Consider the following forcing:
$P=Fn(\aleph_0,\aleph_0,\aleph_0)=${$p:$dom$(p)$ $ \to \aleph_0 |$ dom$(p)$ $ \subset \aleph_0,$ card(dom$(p)$) $<\aleph_0$}
Can someone give me a hint of how to prove that this way defined $P$ does not satisfy "forcing axiom", i.e. the following does not hold:
For any set $\mathbb D$ of cardinality $\leq 2^{\aleph_0}$, there exists a filter $H$ on $P$ such that $H \cap D \neq \emptyset$ for every $D \in \mathbb D$ which is dense in $P$.

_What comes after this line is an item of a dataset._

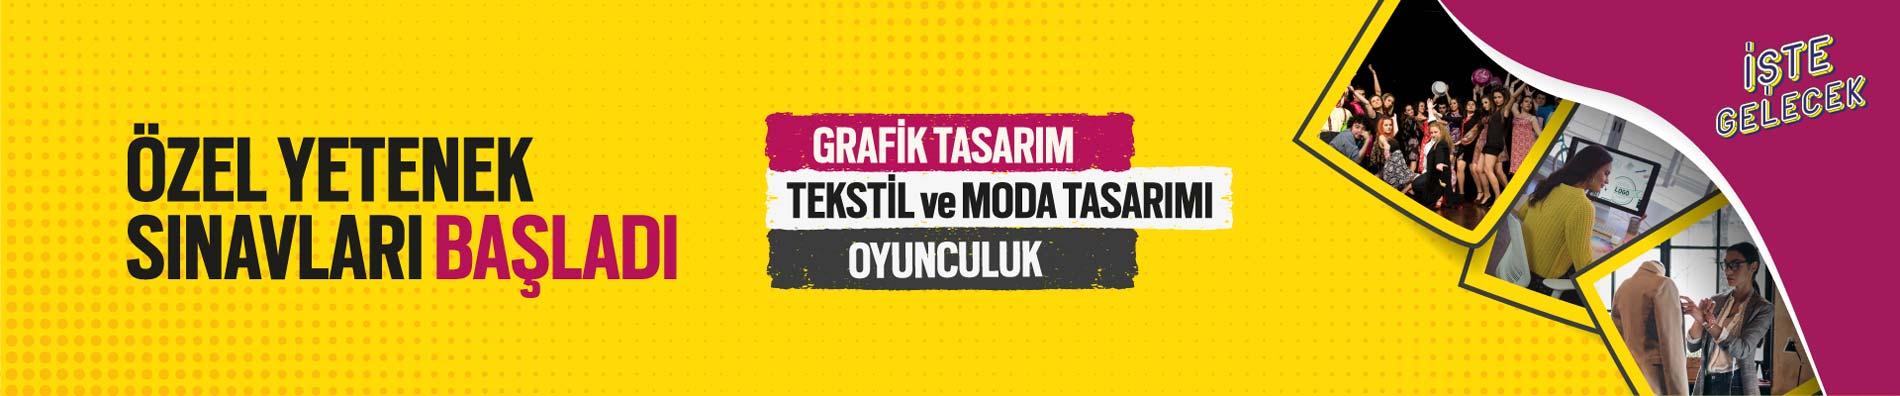 ozel-yetenek-banner

Let $\mathbb{C}$ denote your forcing above (which is also Cohen forcing).
For each $x \in {}^\omega 2$, Let $D_x = \{p \in \mathbb{C} : (\exists n \in \mathrm{dom}(p))(p(n) \neq x(n))\}$. $D_x$ is dense in $\mathbb{C}$.
Let $E_n = \{p \in \mathbb{C} : n \in \mathrm{dom}(p)\}$. $E_n$ is dense.
Let $\mathcal{D} = \{D_x : x \in {}^\omega 2\} \cup \{E_n : n \in \omega\}$.
Note that any filter $F$ for $\mathbb{C}$ meeting all the $E_n$'s give a single real.
Now $\mathcal{D}$ has size $2^{\aleph_0}$. If your "forcing axiom" holds, then there is a $G$ in your universe $V$ which is a filter which meets all dense sets in $\mathcal{D}$. Let $g$ be the real which coming from $G$. Since $G \in V$, $g$ must be a real of $V$. But $G$ meets $D_g$ which implies $g \neq g$. Contradiction.